After a client has passed the 6-week postpartum period and been cleared by her physician to go back to her prepregnancy exercise routine, the return should be gradual. Pay close attention to her subjective and objective responses to exercise. Although most of the physiological and morphological changes are most notable for the first 4–6 weeks postpartum, many experts agree that the muscles, tendons and joints do not return to their prepregnancy state for at least 9–12 months (ACOG 1994a). Fitzgerald suggests, “Recovery can be maximized if the exercise program is designed properly for those important first 6 months.”
After a C-section, isometric and gentle stretching and strengthening exercises, as well as casual walking, can be started right away unless there is heavy bleeding; pain; or breast infection or abscess.
Ela Lewis, MSPT, NCS, a physical therapist specializing in women’s health and a certified specialist in neurology, suggests diaphragmatic breathing, pelvic tilts, hip lifts, pelvic-floor exercises and walking. She advises, “There should be no pain, and the [client’s] physician should be aware of any form of exercise program that is being started.”
ACOG recommends that clients who have had a C-section should return to prepregnancy exercise no sooner than 6 weeks after giving birth.

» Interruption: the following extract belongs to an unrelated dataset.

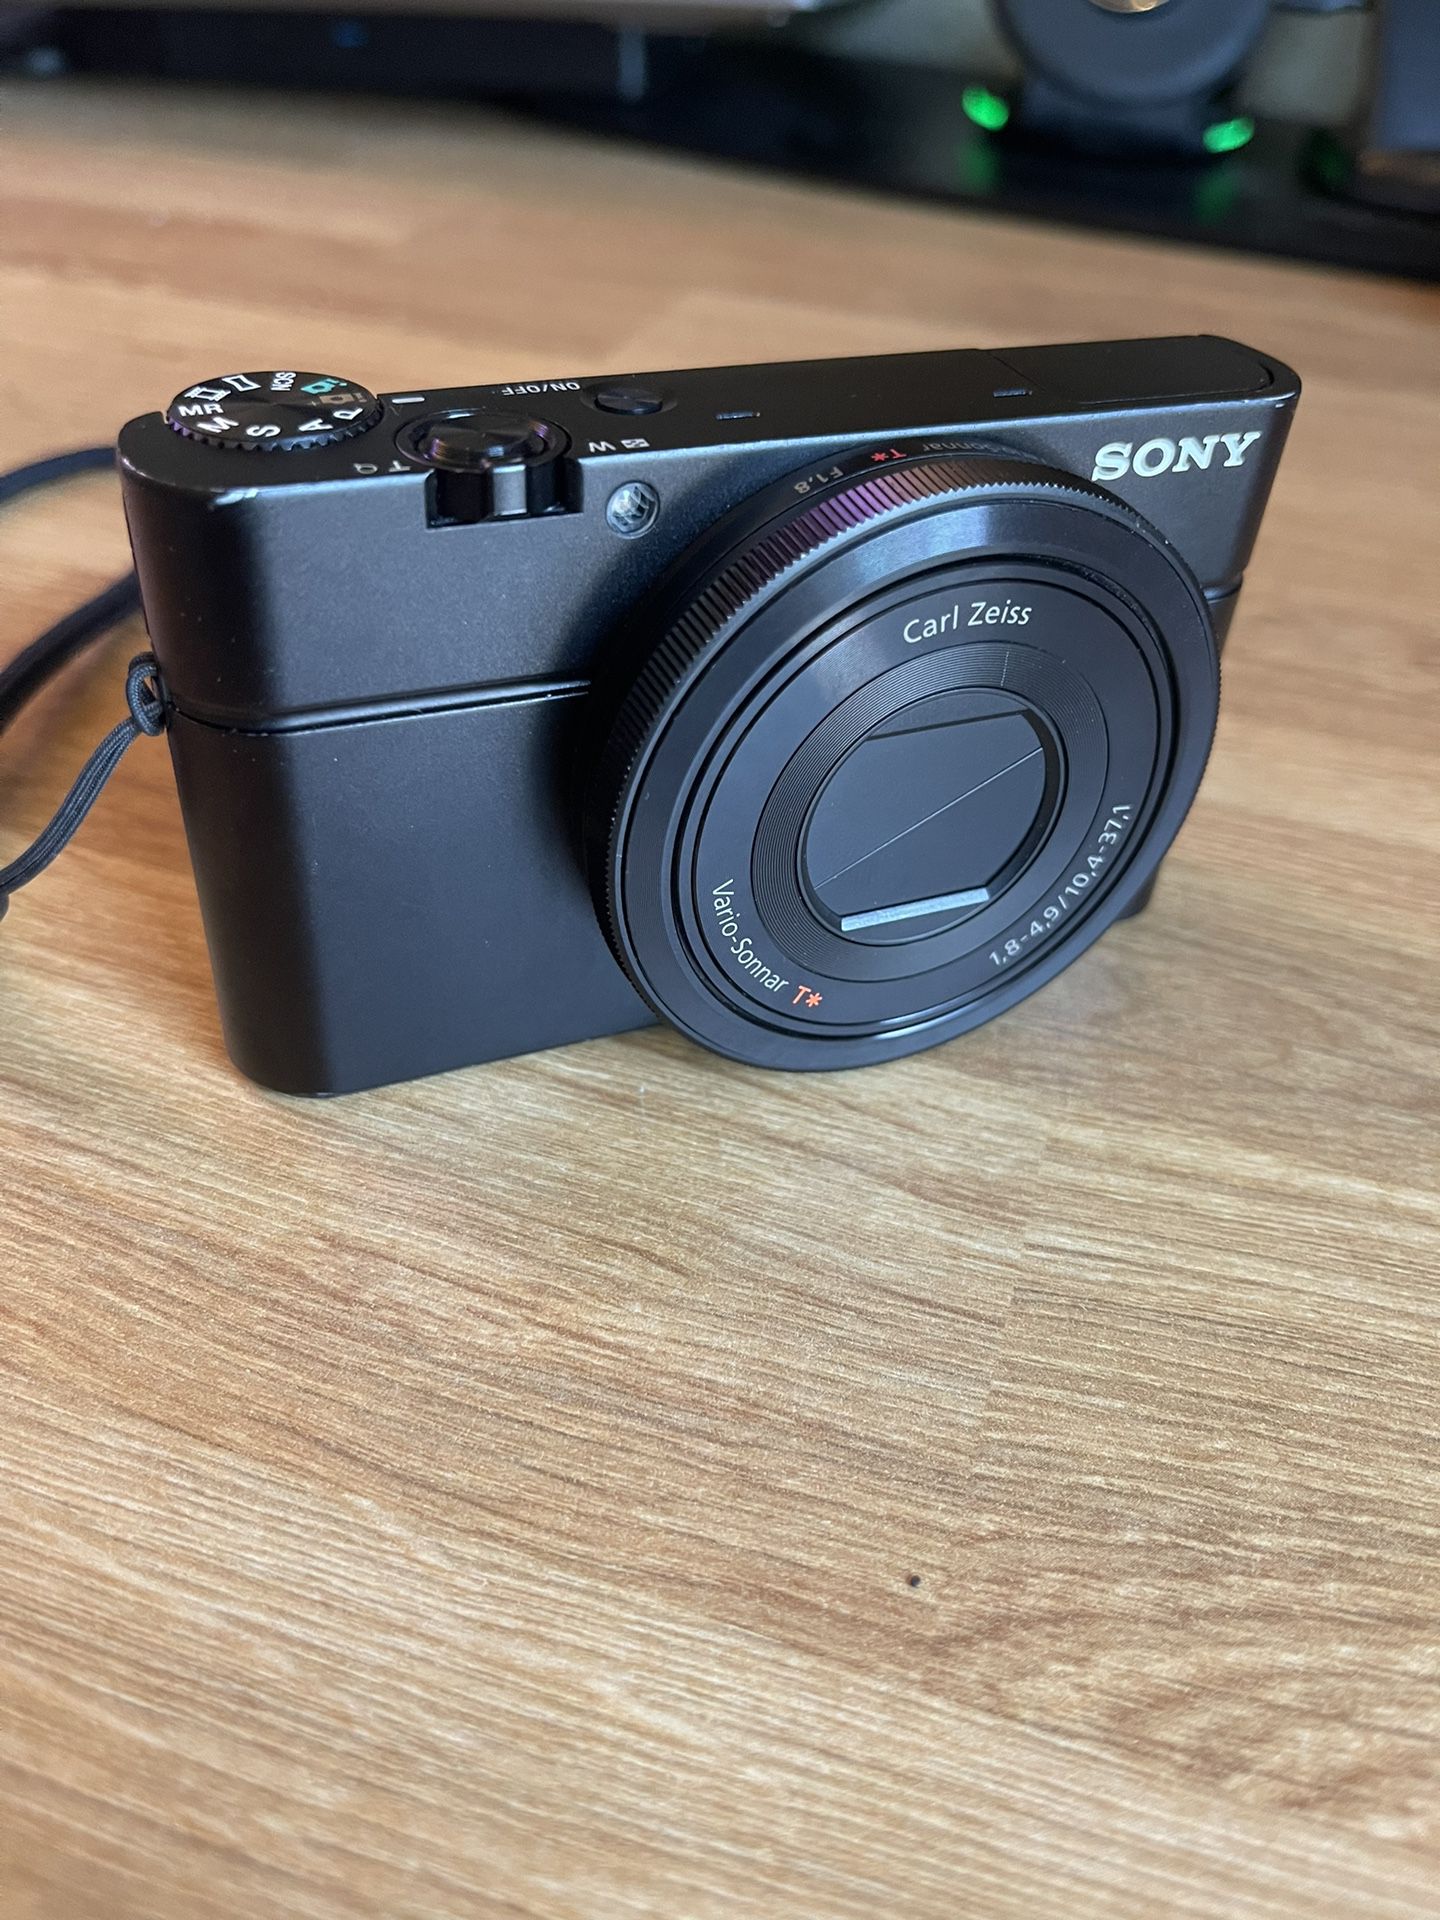 Sony DSC-RX100 Digital Camera 1.0-inch sensor with F1.8 lens Black Cyber-shot Digital Camera 
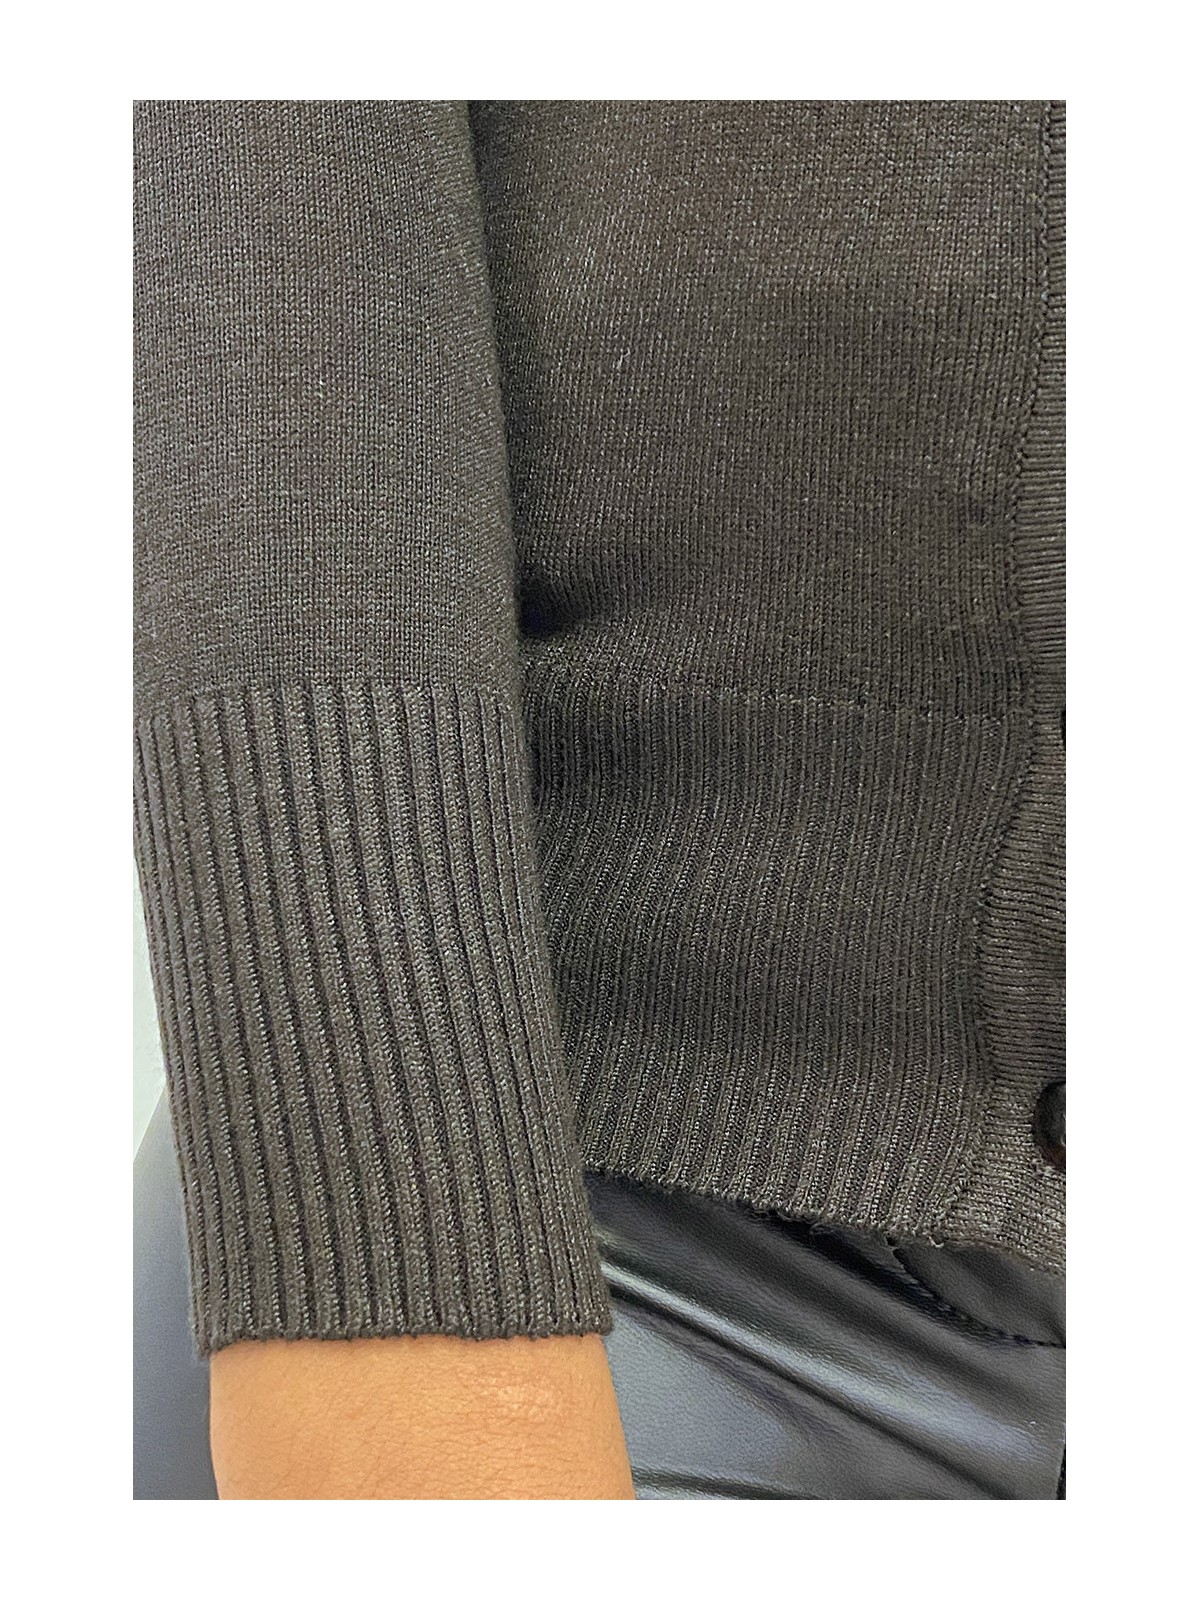 Gilet marron en maille tricot très extensible et très doux - 6

Again, this should be cleared by the client’s physician. It may take 2–6 months before a woman feels she is completely recovered and back to prepregnancy form.
Working with a pregnant or postpartum client is both demanding and rewarding. If you pay close attention to the guidelines outlined here, consider the dynamic needs of the individual client and maintain regular contact with her physician, you will have the wonderful opportunity to guide your client safely through one of the most exciting transitions of her life.